The equivalent amount of protein from ground beef would require 26 kg of meat. Each of those kg, remember, requires the fossil fuel equivalent of 1.2 gallons of gas to manufacture — or about 30 gallons of gas for 58 pounds of beef.

In other words, as long as you're burning less than a half-a-gallon of gas for each pound of wild venison you harvest instead of beef, you're conserving petroleum — and the carbon emissions and other environmental degradations that come with its use.

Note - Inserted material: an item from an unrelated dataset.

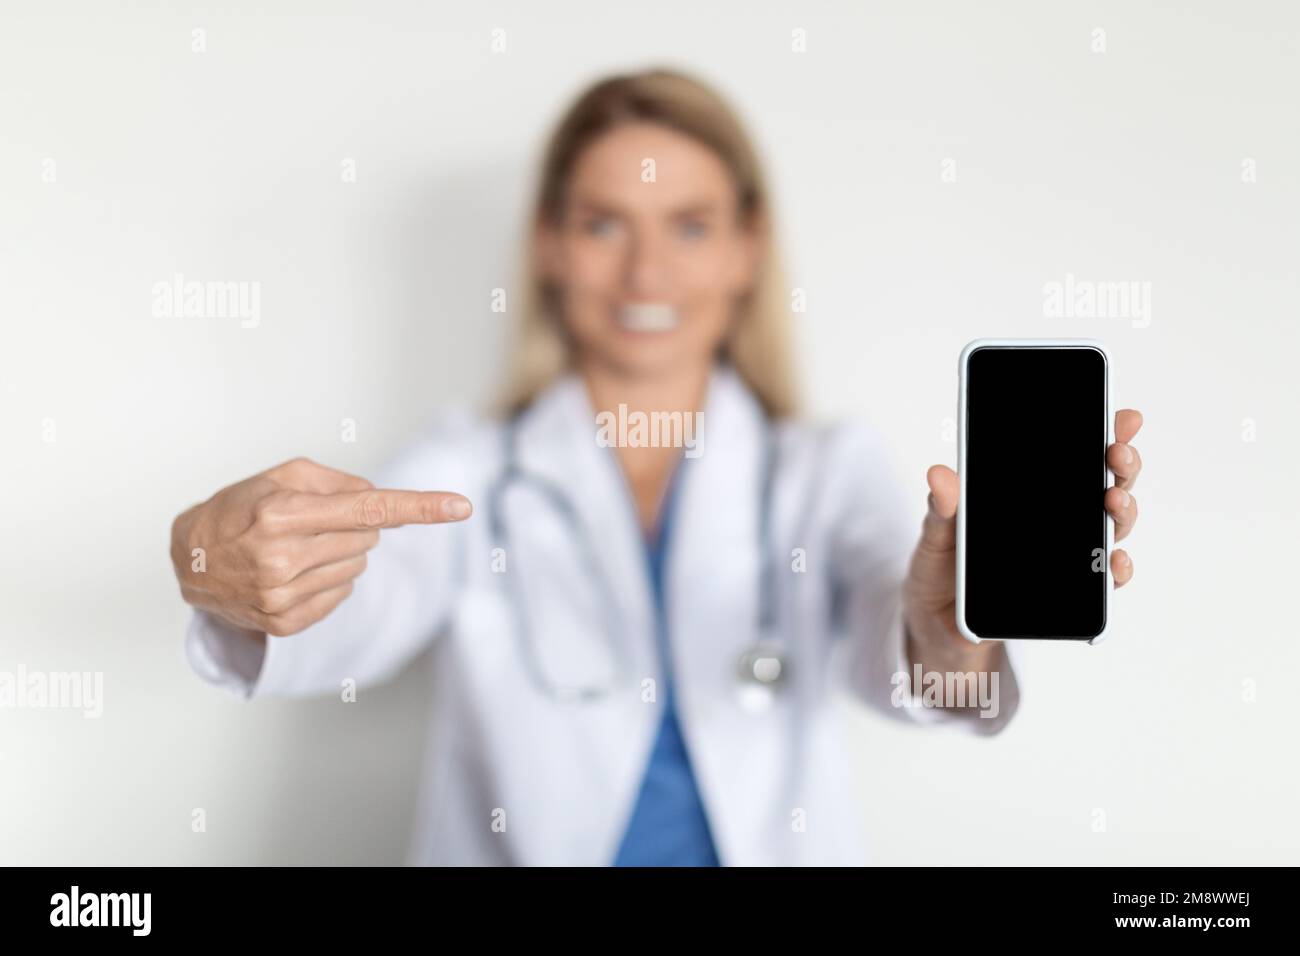 Medical Ad. Smiling Female Doctor Wearing Uniform Pointing At Blank Smartphone Stock Photo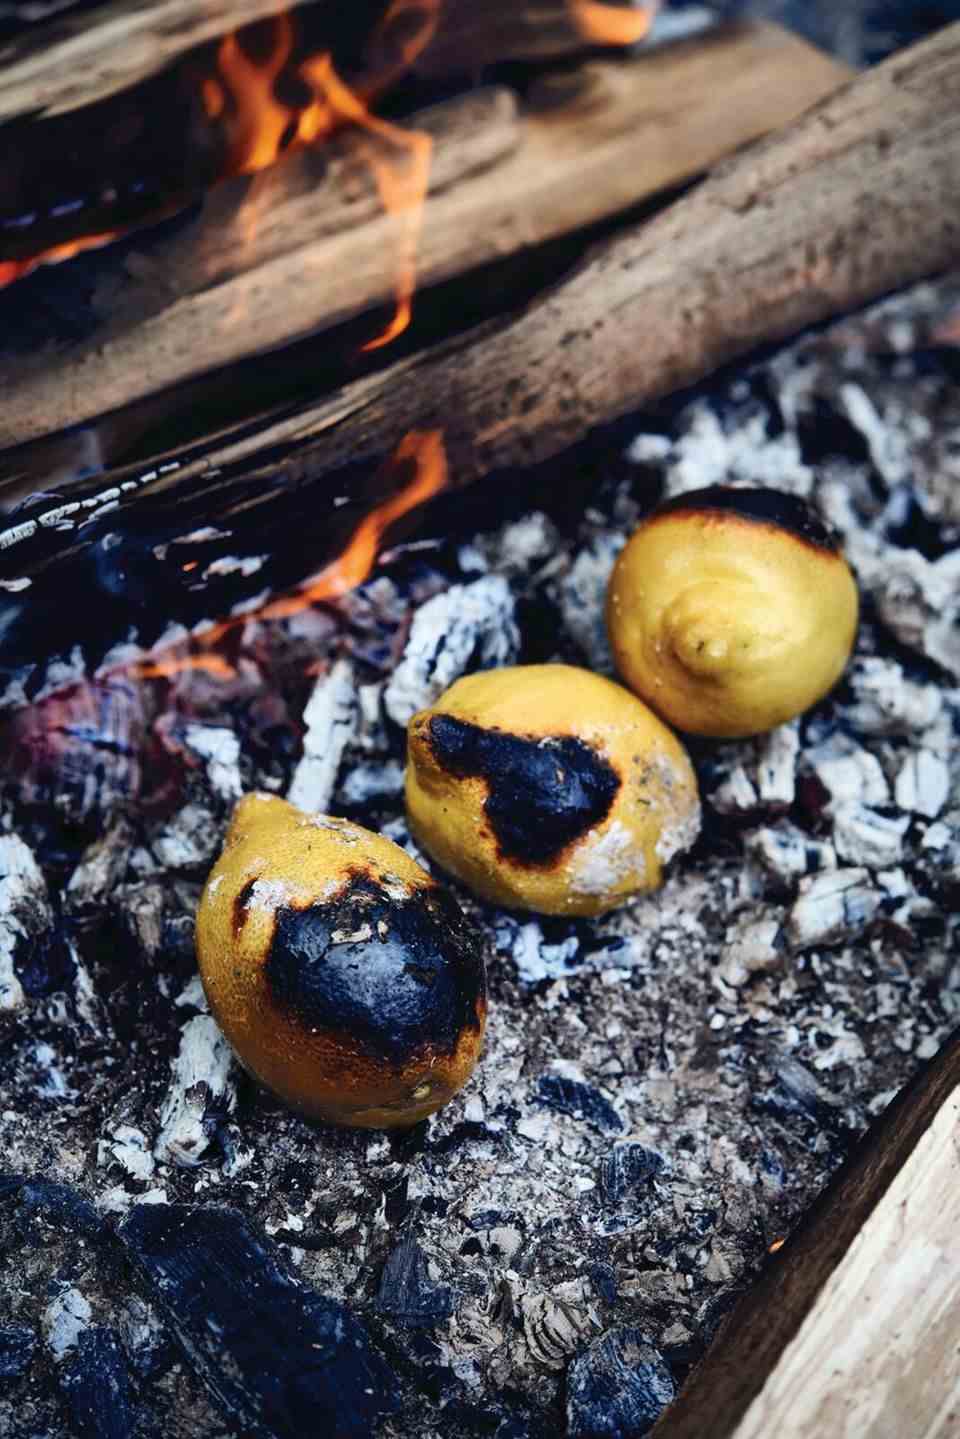 Hot sorbet: The lemon from the embers unfolds its wonderful aroma with the help of the heat.

"It's not a big leap mentally to see the extension from gardening and farmer's markets to hunting local foods," Rinella says. "I think that's going to be a big part of hunting in the future is going to be that mentality. That'll be something that people give as an example of why they hunt. Ten years ago, no one would have said, 'Because it uses less resources and because it's a sustainable source of protein.'"

That attitude may have been a while in coming. But so long as you're not driving or flying all over creation to take a deer — or an elk, or a moose, or a turkey — that trophy buck in your sights makes for some highly prudent protein.